Si donc les habitans de la Tunisie paraissent et sont certainement plus aptes à recevoir un peu de civilisation que nos Algériens, il ne faut pas croire qu’ils soient déjà très civilisés. A la campagne surtout, s’ils ont perdu les mœurs belliqueuses qu’on voit aux Arabes chez nous, ils ont gardé dans l’âme un fond de férocité et des goûts cruels auxquels ils donnent large satisfaction lorsqu’ils ont affaire à un ennemi écrasé et vaincu. On sait quel a été le martyre de nos compatriotes de l’Oued-Zargua, sur lesquels plusieurs milliers d’Arabes se sont acharnés. Mais ce massacre est un fait unique; les propriétaires européens ont dès maintenant recommencé à vivre sans inquiétude parmi les indigènes, et à de grandes distances souvent de tout secours. C’est sur leurs pareils, en général, que les gens du pays assouvissent leurs fureurs, et peut-être notre présence et notre justice rendront-elles ces excès plus difficiles et plus rares.
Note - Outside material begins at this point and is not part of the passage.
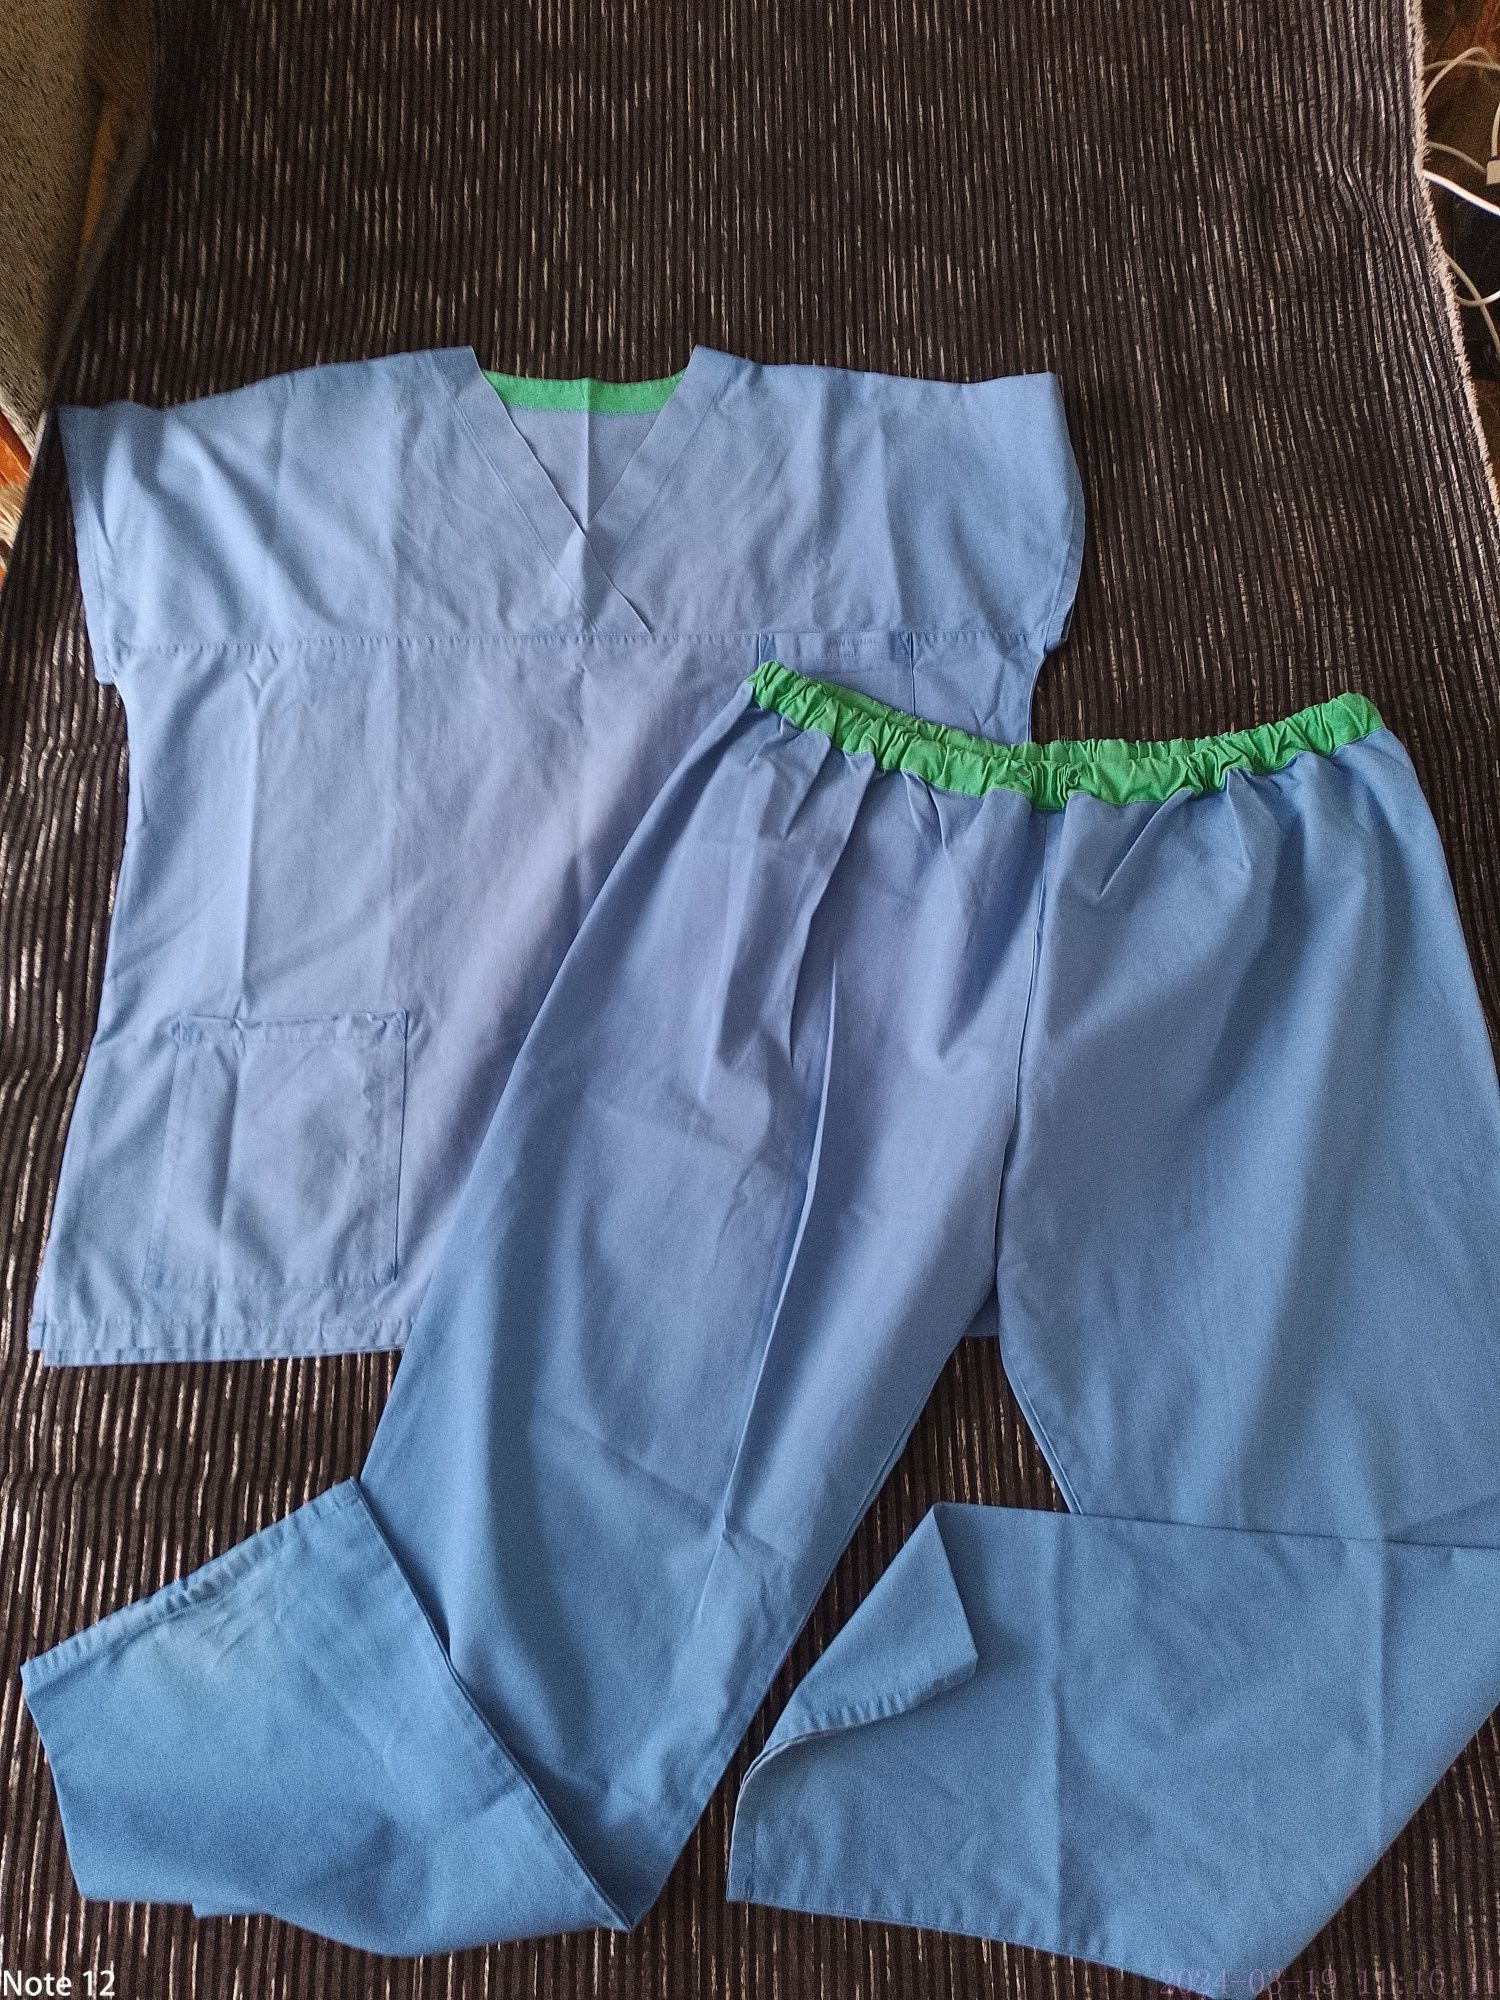 Хирургический,операционный мужской медицинский костюм XL
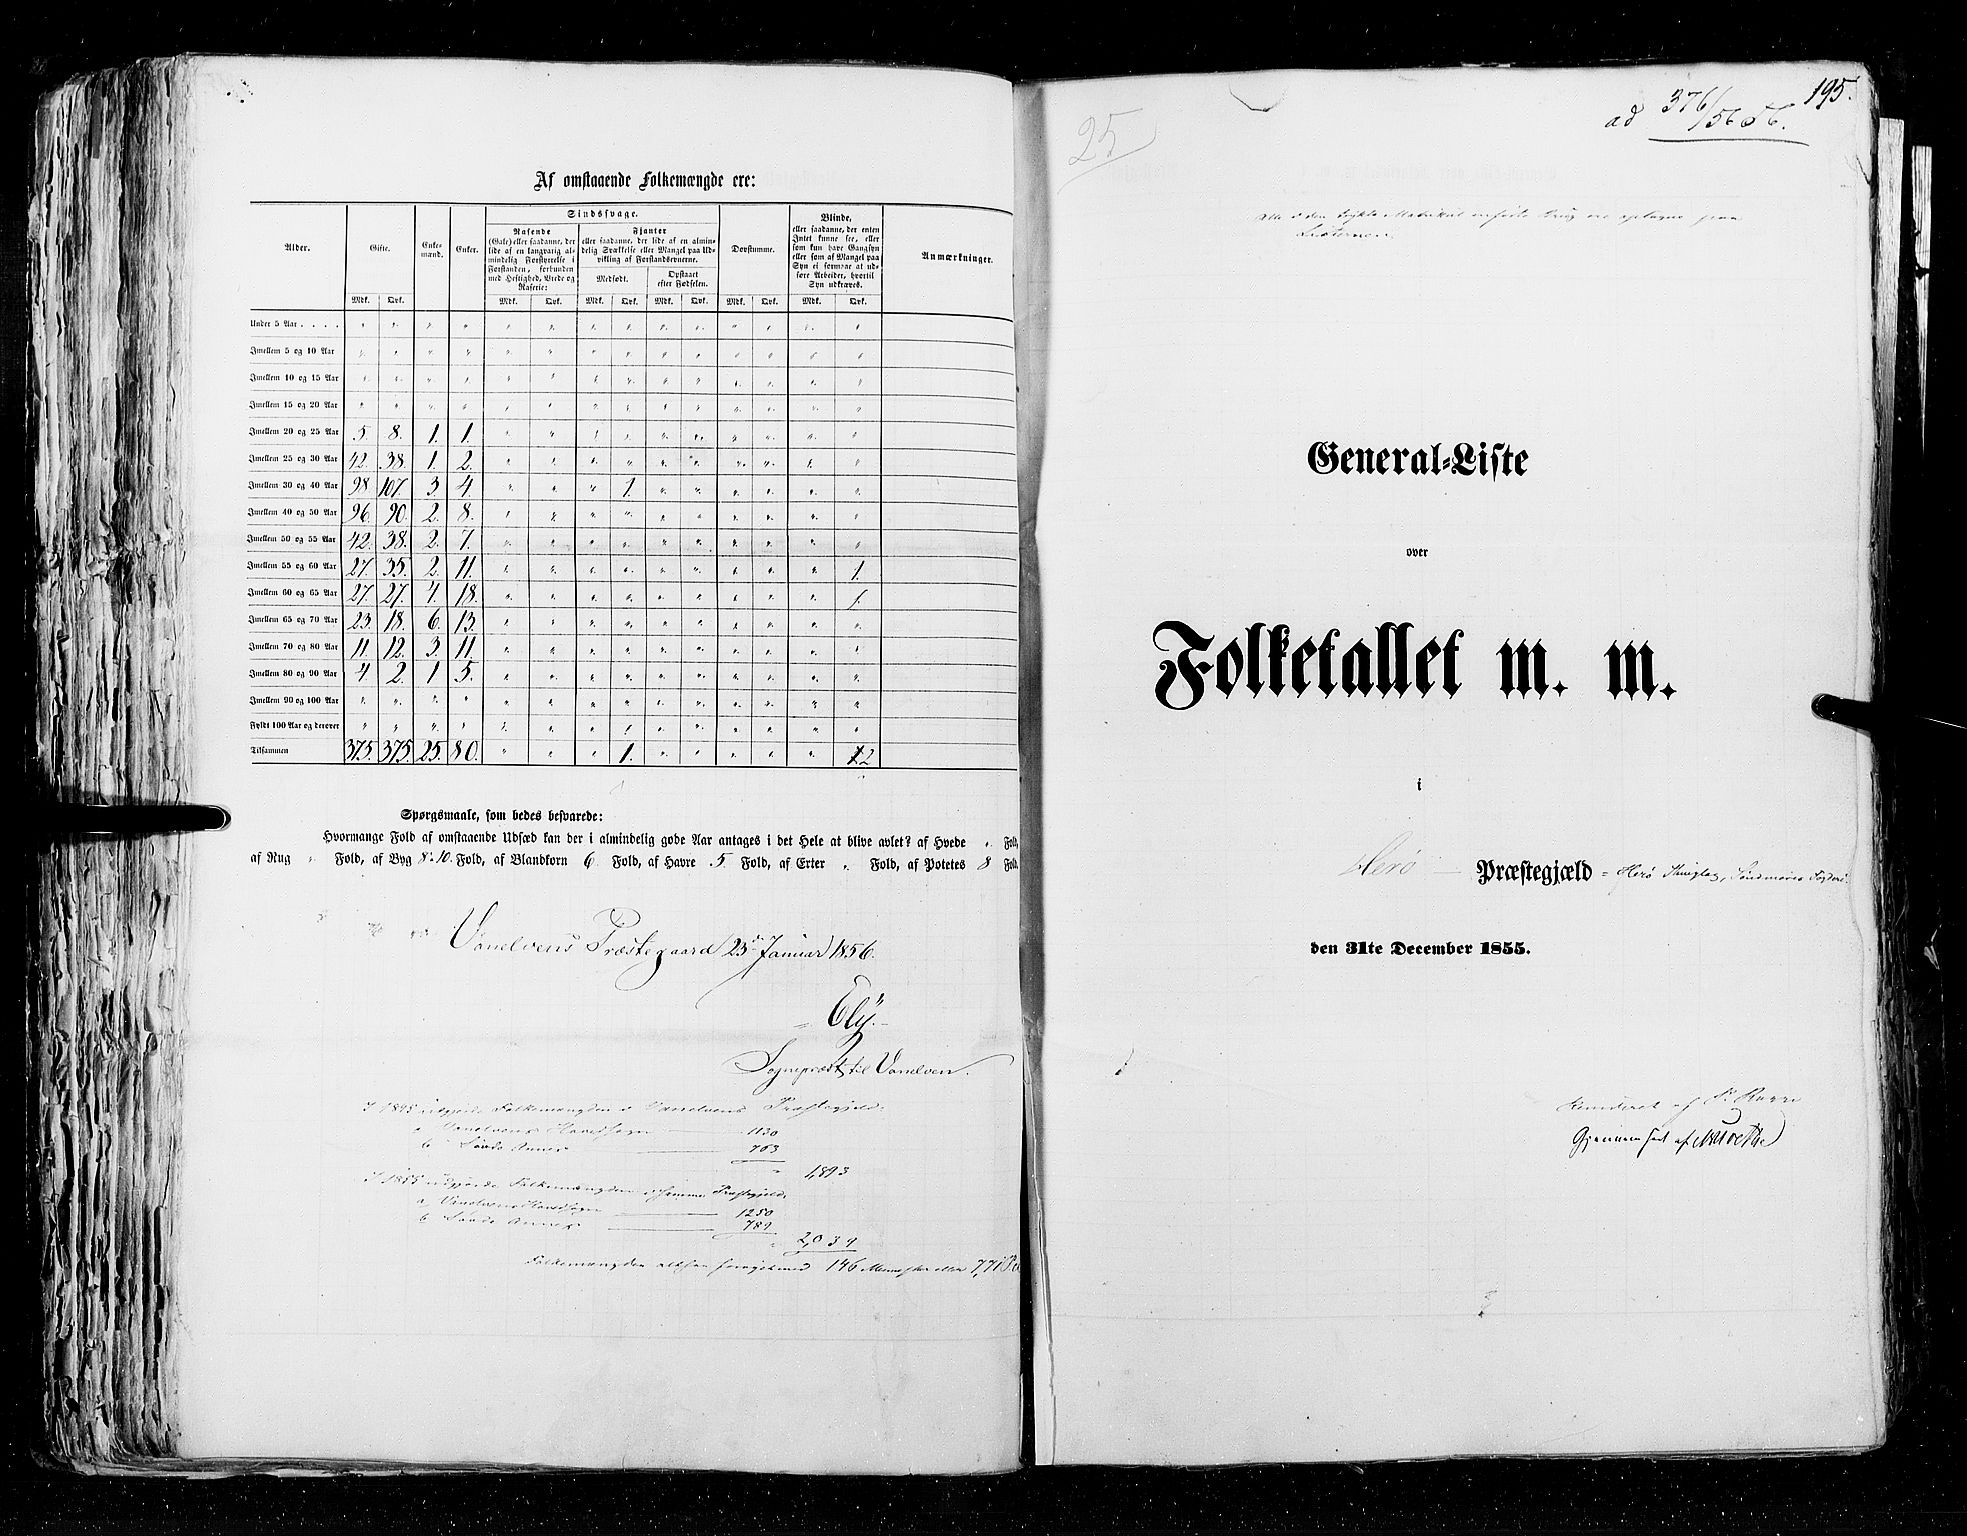 RA, Folketellingen 1855, bind 5: Nordre Bergenhus amt, Romsdal amt og Søndre Trondhjem amt, 1855, s. 195

Il y a en Tunisie une dernière race qui est fort importante, la race juive. Les Israélites y sont banquiers, changeurs, courtiers, orfèvres ; ils font aux Arabes de l’intérieur des prêts hypothécaires à des taux extraordinaires; ils ont de plus en plus entre les mains tout le commerce, toutes les sources de richesse du pays. Un agent de notre télégraphe, qui habite l’intérieur, recevait, l’été dernier, la visite d’un juif qui le suppliait de le charger du placement de son argent quand il en aurait, il lui assurait 50 pour 100 d’intérêt et se contentait pour son compte de ce qu’il pourrait obtenir en sus. Des prêts sur la terre à 100 pour 100 ne sont pas rares, me disait ce même agent. A Tunis, la prépondérance Israélite est tellement bien établie que des trois jours de chômage hebdomadaire entre lesquels on pouvait choisir, le vendredi jour des musulmans, le samedi jour des juifs, le dimanche jour des chrétiens, c’est celui des juifs qui a été adopté ; c’est le samedi que la vie commerciale s’arrête et que la douane même, qui relève de la commission financière internationale, est fermée.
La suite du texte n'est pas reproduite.